Your task is to reproduce exactly the lines from the one containing "Ms Jeanne Liew, Principal" through the last line below, both ends included, and nothing else, with no pictures.

Available data →

- - -

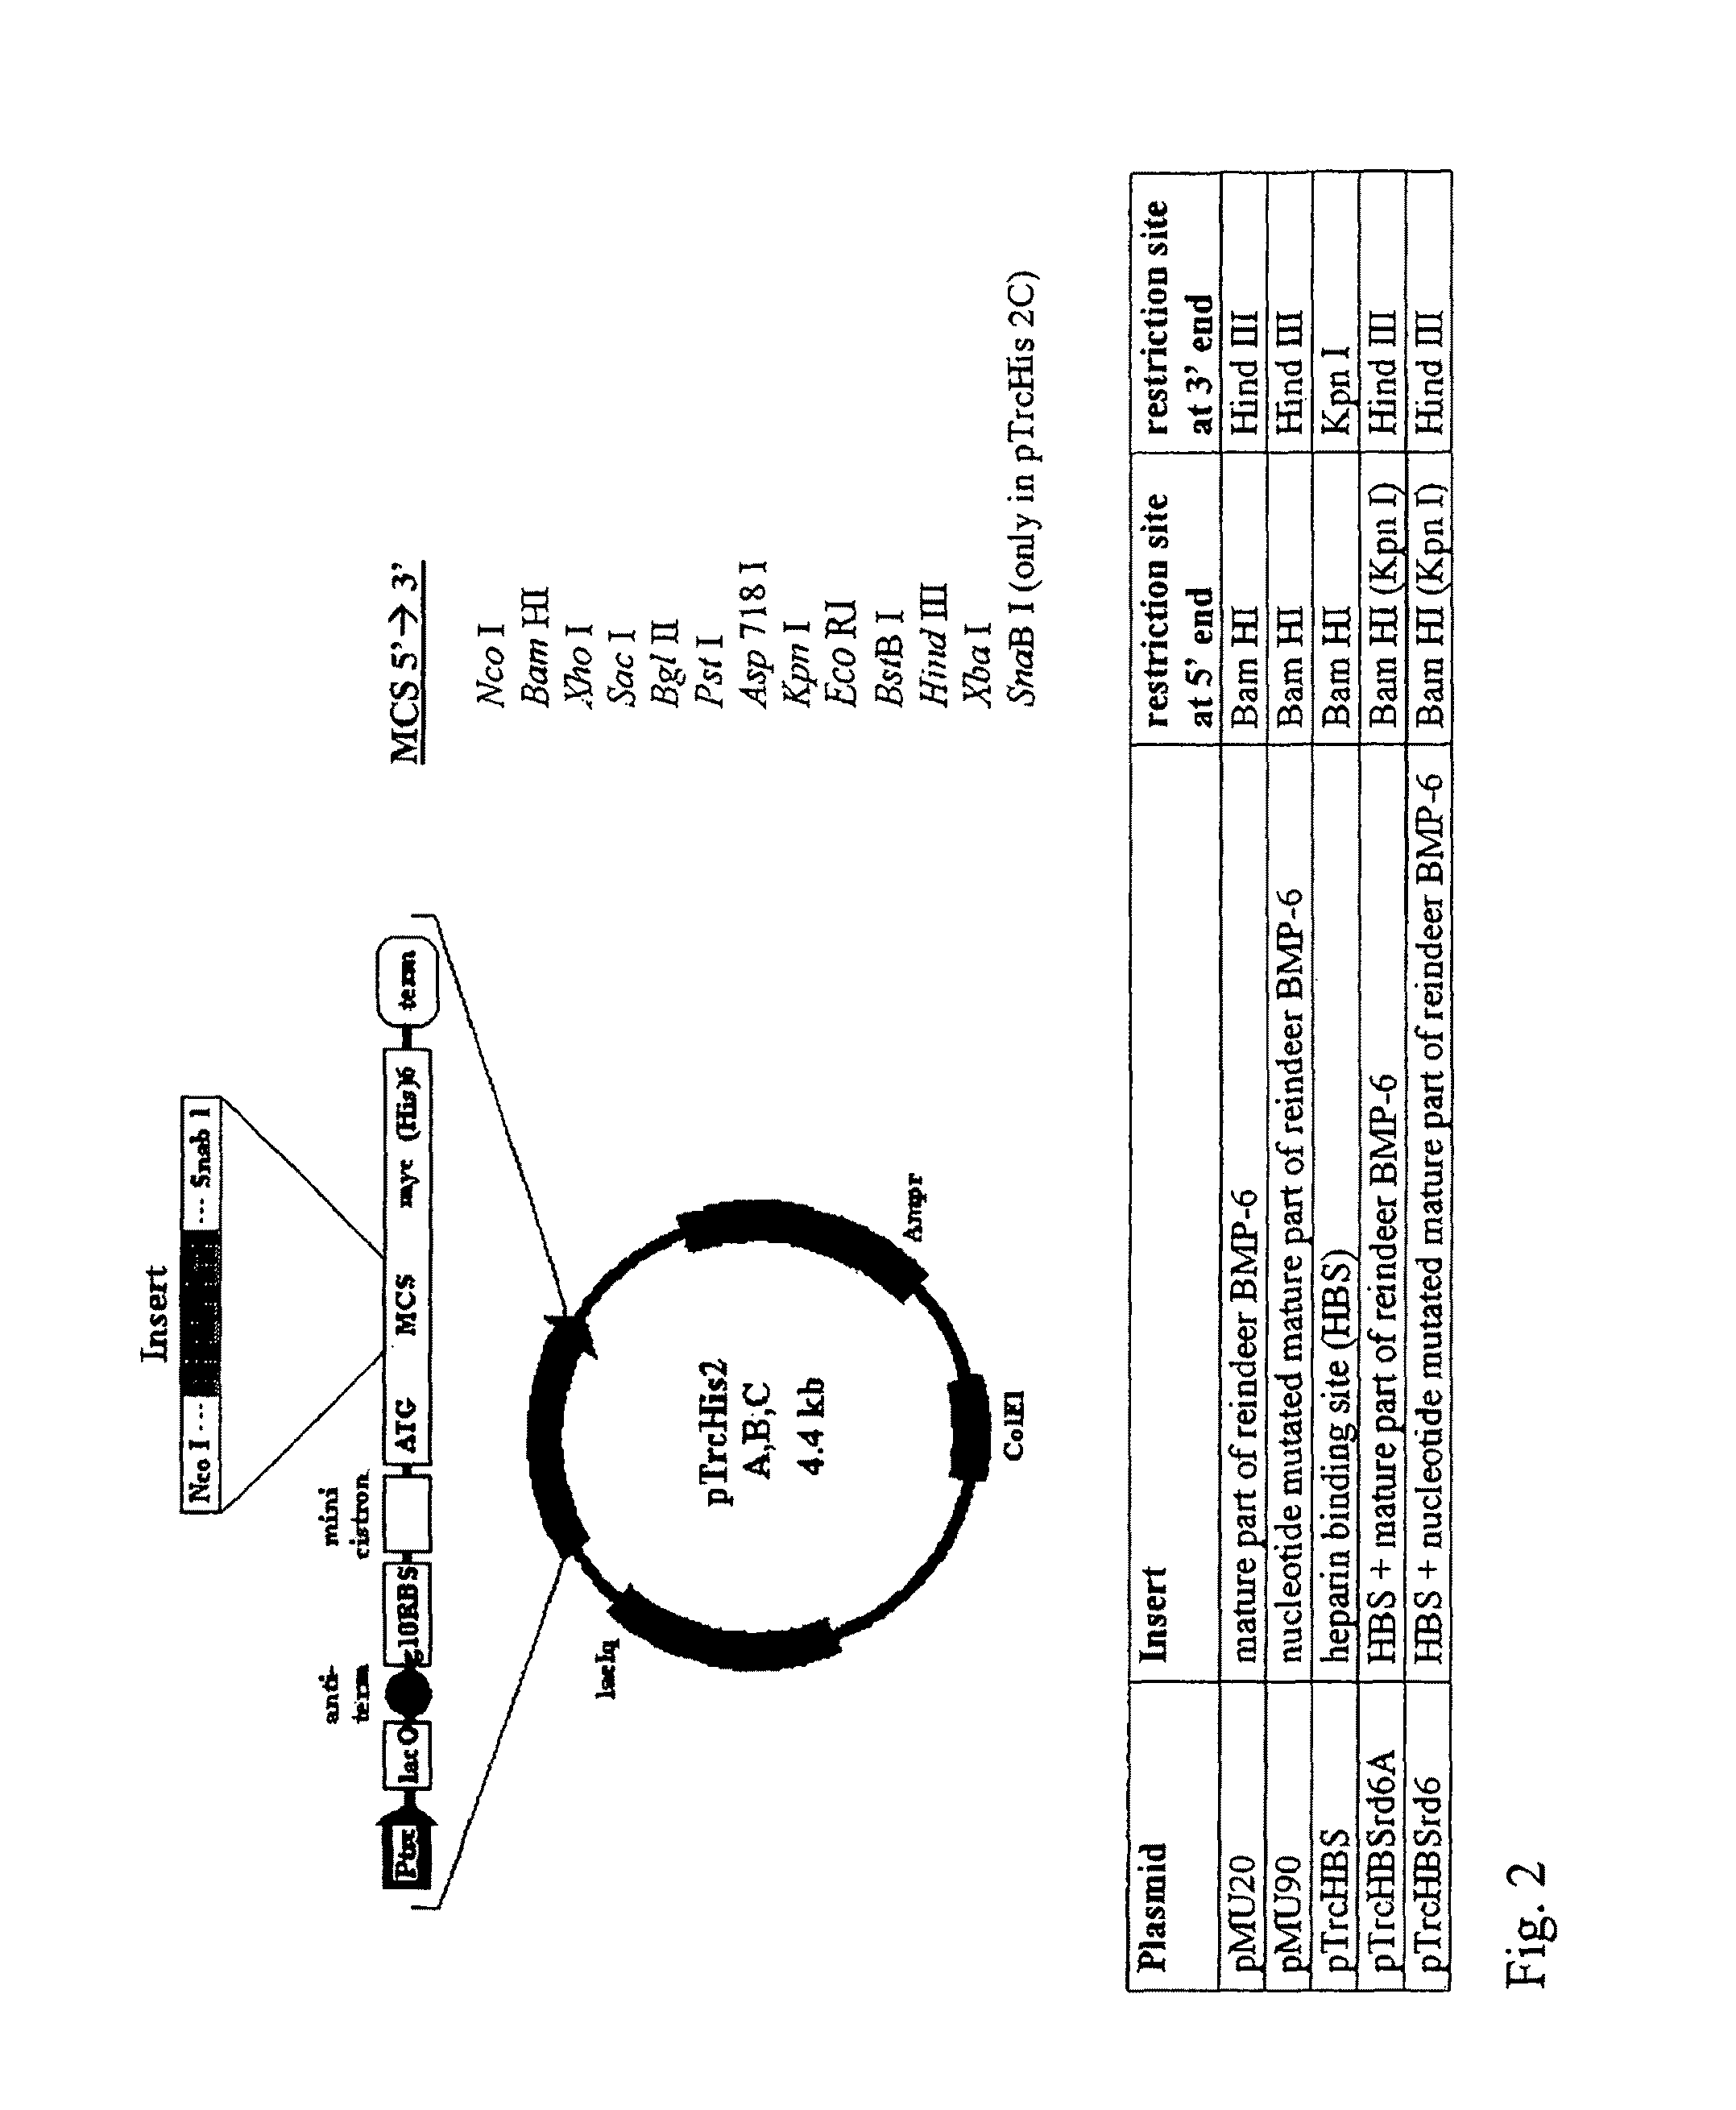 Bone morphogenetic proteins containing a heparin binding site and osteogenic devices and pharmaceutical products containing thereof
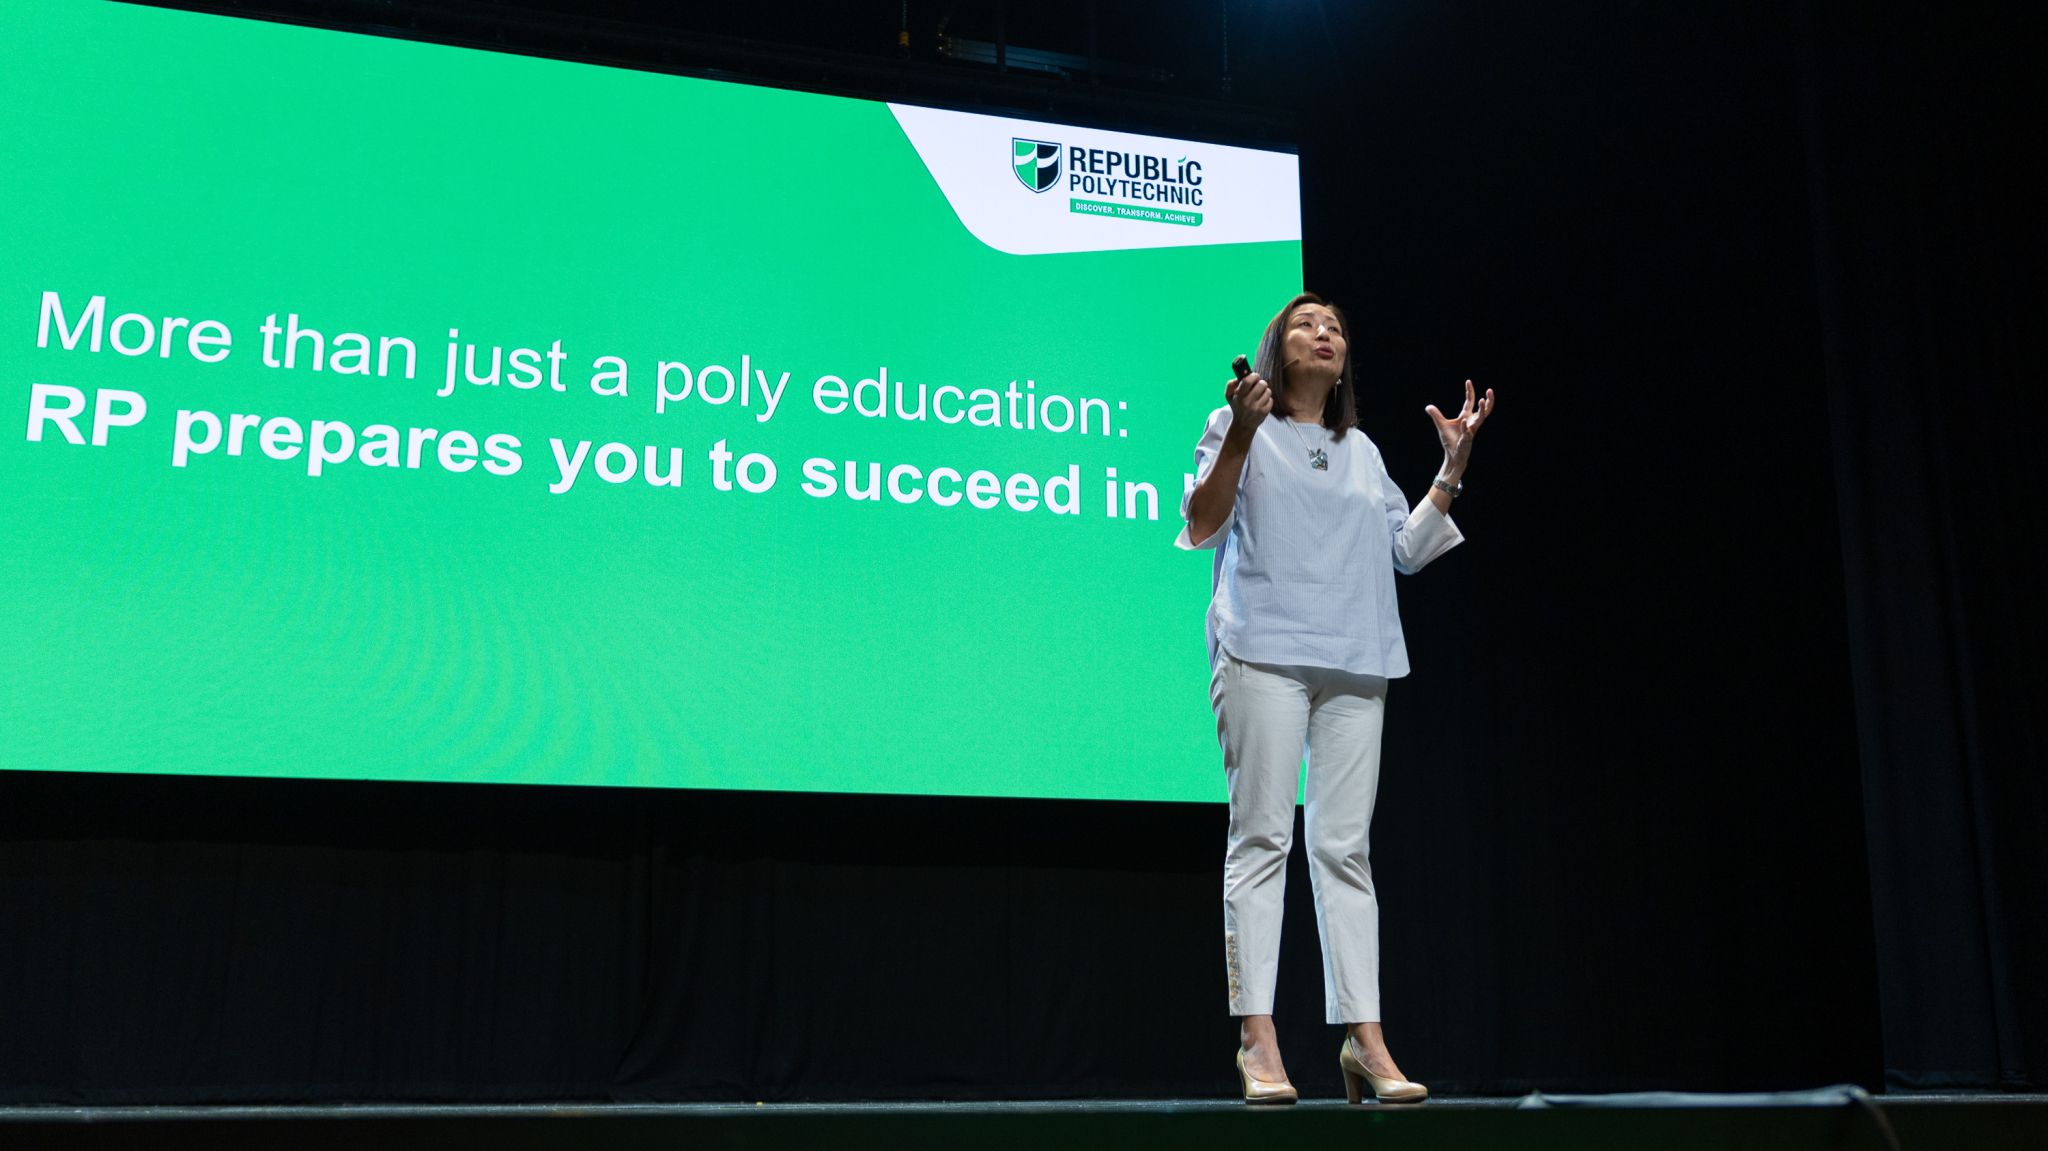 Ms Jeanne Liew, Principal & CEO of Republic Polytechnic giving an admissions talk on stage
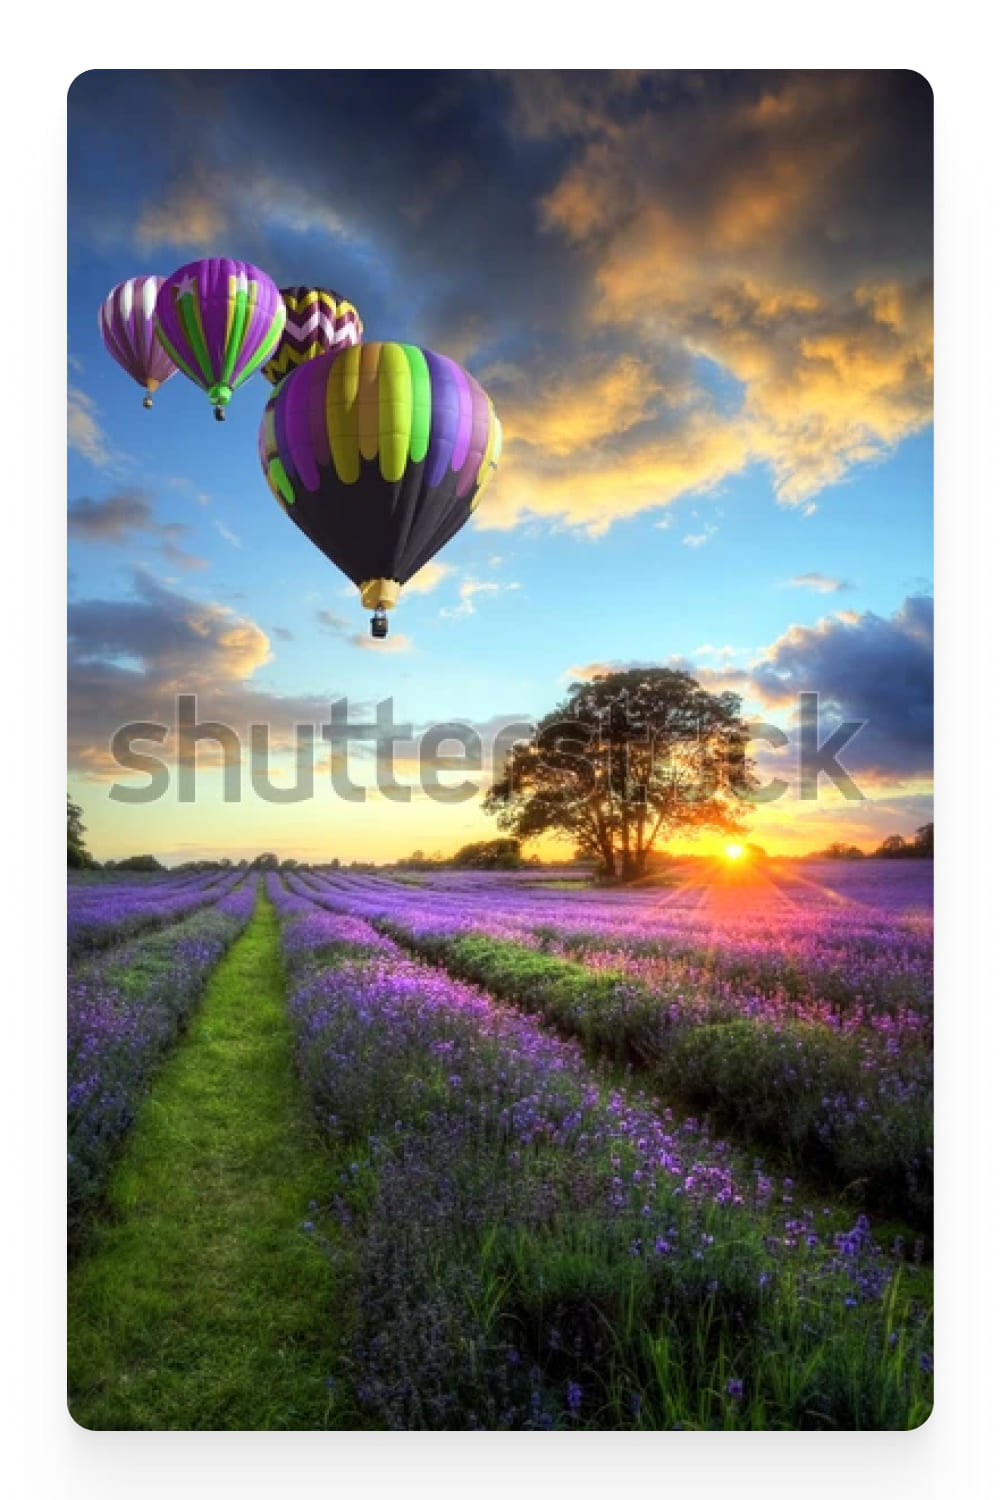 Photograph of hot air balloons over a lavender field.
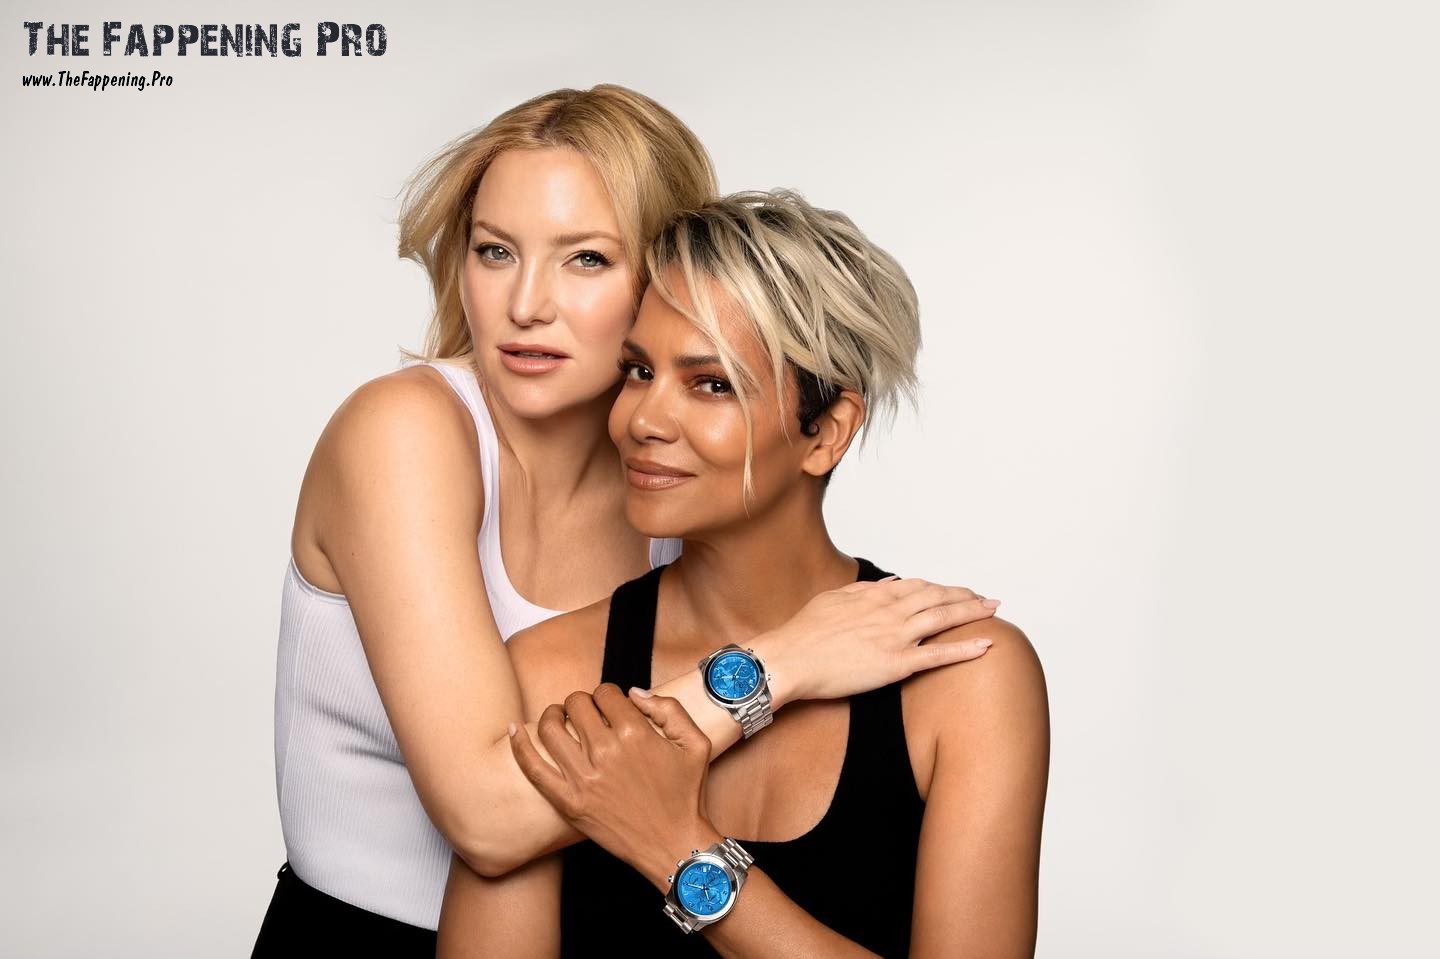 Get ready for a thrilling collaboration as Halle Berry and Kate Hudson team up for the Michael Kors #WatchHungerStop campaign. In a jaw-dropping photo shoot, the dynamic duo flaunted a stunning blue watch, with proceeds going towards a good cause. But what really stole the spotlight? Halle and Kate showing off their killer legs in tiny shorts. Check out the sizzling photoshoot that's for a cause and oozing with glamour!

- - -

Solution to the exercise →
 Ms Jeanne Liew, Principal & CEO of Republic Polytechnic giving an admissions talk on stage
 Photograph of hot air balloons over a lavender field.
 Get ready for a thrilling collaboration as Halle Berry and Kate Hudson team up for the Michael Kors #WatchHungerStop campaign. In a jaw-dropping photo shoot, the dynamic duo flaunted a stunning blue watch, with proceeds going towards a good cause. But what really stole the spotlight? Halle and Kate showing off their killer legs in tiny shorts. Check out the sizzling photoshoot that's for a cause and oozing with glamour!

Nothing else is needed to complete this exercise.